AI Computer Vision

AI Computer Vision is the foundational technology that allows PHX Terminal’s automation bots to see and interact with user-interface elements with a level of recognition akin to human perception. It is what enables the hover opaque application to identify fields and act inside any desktop application — modern or legacy — without depending on that application’s internal code, metadata, or APIs.

Why vision-based automation matters

Traditional, selector-based UI automation depends on stable internal identifiers (HTML, view hierarchies, accessibility metadata). Those break down in the heterogeneous reality of a lawyer’s desktop:

Virtual Desktop Interface (VDI) environments such as Citrix or VMware, which are opaque to standard selectors.
Legacy technologies like Flash, Silverlight, scanned PDFs, and images, where there is no addressable DOM at all.

Because Computer Vision works from what is rendered on screen rather than from underlying code, it is technology-agnostic and operates consistently across .NET, Java, web, and virtualized applications alike.

How it works

PHX Terminal’s approach mirrors the leading implementations in the field:

Neural-network visual understanding (UiPath model).
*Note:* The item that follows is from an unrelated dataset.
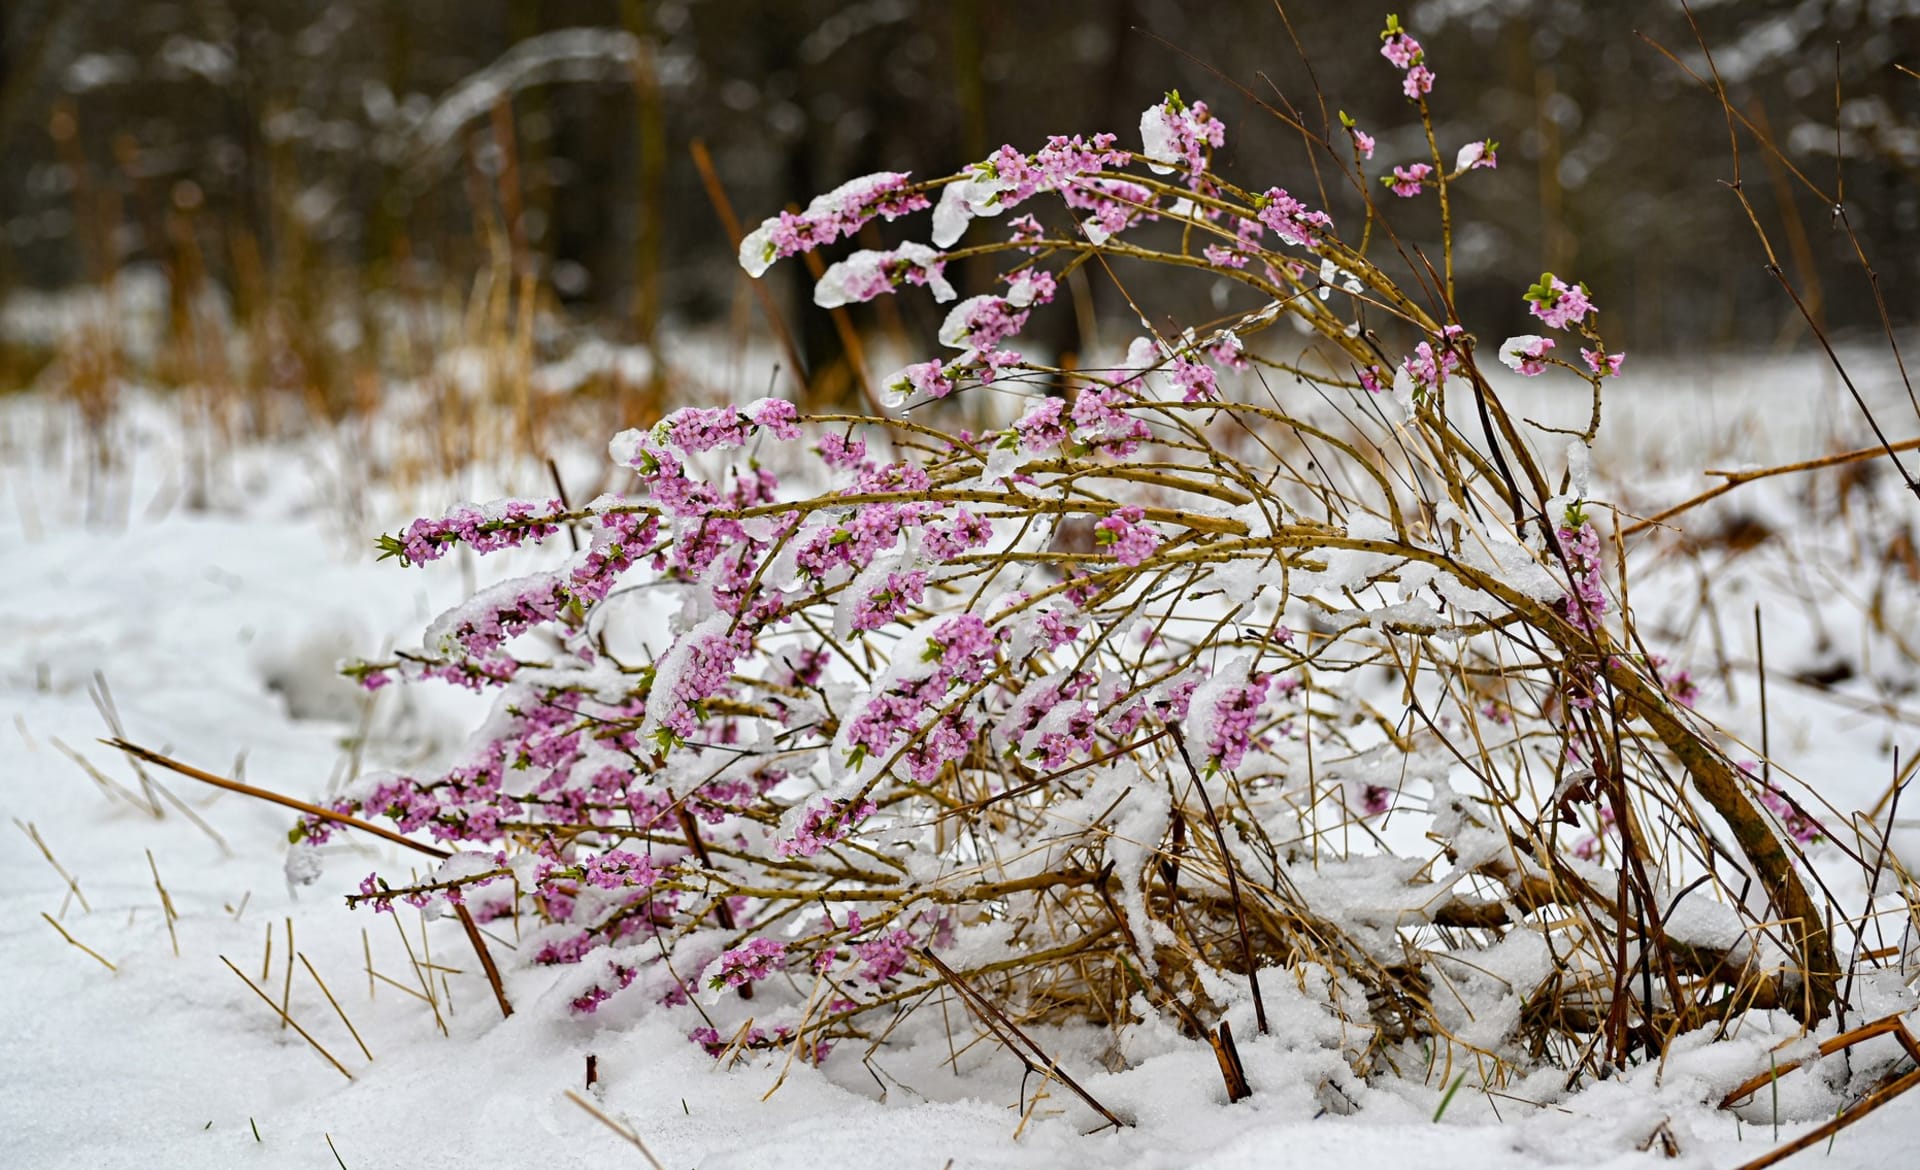 Lýkovec jedovatý (Daphne mezereum): Větve jsou hodně ohebné a nepolámou se ani pod náporem sněhu.

A neural network combines a custom Screen OCR (Optical Character Recognition), text matching, and a multi-anchoring system to reliably locate and disambiguate on-screen elements.
Pure-vision screen parsing (Microsoft OmniParser model). A vision-only method extracts structured elements directly from UI screenshots to improve the action-prediction of large multimodal models. Its methodology has three components:
1. Detecting interactable regions on the screen.
2. Extracting icon and text semantics.
3. Integrating structured bounding boxes with unique labels.

This lets the platform identify buttons, text fields, menus, and windows and perform UI tasks without relying on HTML or view hierarchies, making it highly adaptable across applications.

flowchart TB
  SCREEN["Rendered screen — any app<br/>.NET · Java · web · Citrix / VMware"]
  SCREEN --> A1
  SCREEN --> B1
  subgraph UIPATH["Neural-network visual understanding (UiPath model)"]
    A1["Screen OCR"] --> A2["Text matching"] --> A3["Multi-anchoring system"]
  end
  subgraph OMNI["Pure-vision screen parsing (Microsoft OmniParser)"]
    B1["Detect interactable regions"] --> B2["Extract icon & text semantics"] --> B3["Integrate labeled bounding boxes"]
  end
  A3 --> RECOG["On-screen UI recognition<br/>buttons · fields · menus · windows"]
  B3 --> RECOG
  RECOG --> ACT["Technology-agnostic automation<br/>no HTML or view hierarchy required"]

Two complementary approaches — neural visual understanding and pure-vision parsing — read the rendered screen, so automation works from pixels rather than fragile selectors.

Resilience to change

A key advantage is that vision-based automation can adjust its operations in real time as UI components evolve. When an application’s layout shifts, the system re-recognizes elements visually rather than failing on a stale selector — substantially reducing the ongoing maintenance burden that plagues conventional automation.

Limitations to design around

Role in the platform

Computer Vision is the “eyes” of the system. It pairs with:

RPA & Intelligent Automation — to execute the actions it identifies.
Data Extraction (OCR/ICR) — to turn what it sees into structured data.
Desktop Implementation — to render the interactive overlay it draws on screen.

Together these make Computer Vision the core enabler of PHX Terminal’s universal compatibility — the single capability that lets one platform automate an entire firm’s fragmented software estate.